Seeing as how there’s been so much stuff on, far too much stuff to properly write and blog about (although I’ve been meaning to get into the habit of writing a quick journal each day) it seemed like a good idea to just post some quick pictures and links here to keep a record of the things that stood out. Some of these things I’ve written about on my own blog, in which case I’ve added links.

Things I’ve been up to:
Spoken word horror – The Book of Jubilation at Edinburgh Horror Festival, and Loud Poets (featuring me!) – more info here.

Messing around in RPG Maker, brainstorming an idea for a short text-game about conversation with a really needy AI – hopefully more to come!


Events around the high street: Pocket Money Loans, the NewBridge Project and Hidden Civil war – more info here.


Scottish poetry and the idea of ‘the Makar’: Meeting Jackie Kay and Bill Herbert at the NCLA’s event, and learning about the relationship between Scottish poetry and politics – more info here.

Things I’ve been enjoying:
Cool webcomics I stumbled across – Necropolisthe Mistake and Kill Six Billion Demons. Lovely art styles, great story: this style of visual storytelling is pretty much everything I look for (and aspire to) in a multimedia/collaborative work.

The Magic Circle “if creation is a language, you wanna be the slang. Take what the gods wrote, and give it a filthy new truth.” An awesome game about video game design and the creative process. Great puzzles, voice acting, great satire.

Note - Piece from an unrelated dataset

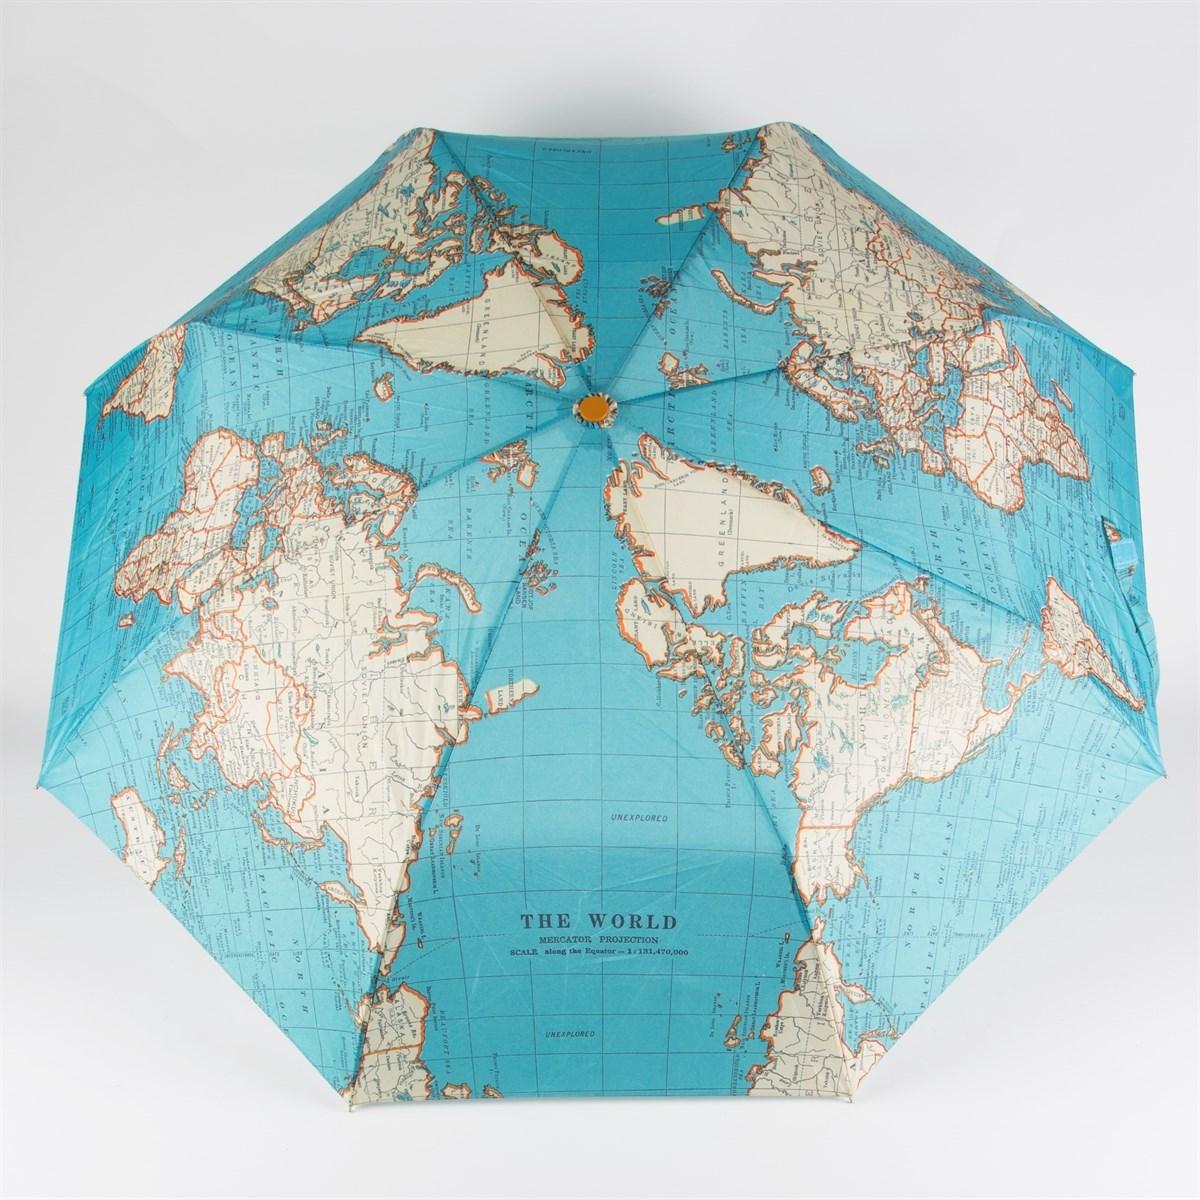 Vintage map folding umbrella vintage map folding umbrella alternative image 3 gumiabroncs Images

Vocaloid musicECHO, Big Brother and Biohazard. Normally the weird janky quality of the vocals puts me off a bit, but I really like these, and I do find the idea of ‘composing’ lyrics with a speech program pretty cool.

Penny Dreadful – plot-wise? Not the best. Character-wise? Pretty great: I’m a big fan of gothic horror and I like the reinterpretations of classic characters. Aesthetically? Spiders crawling out from under tarot cards.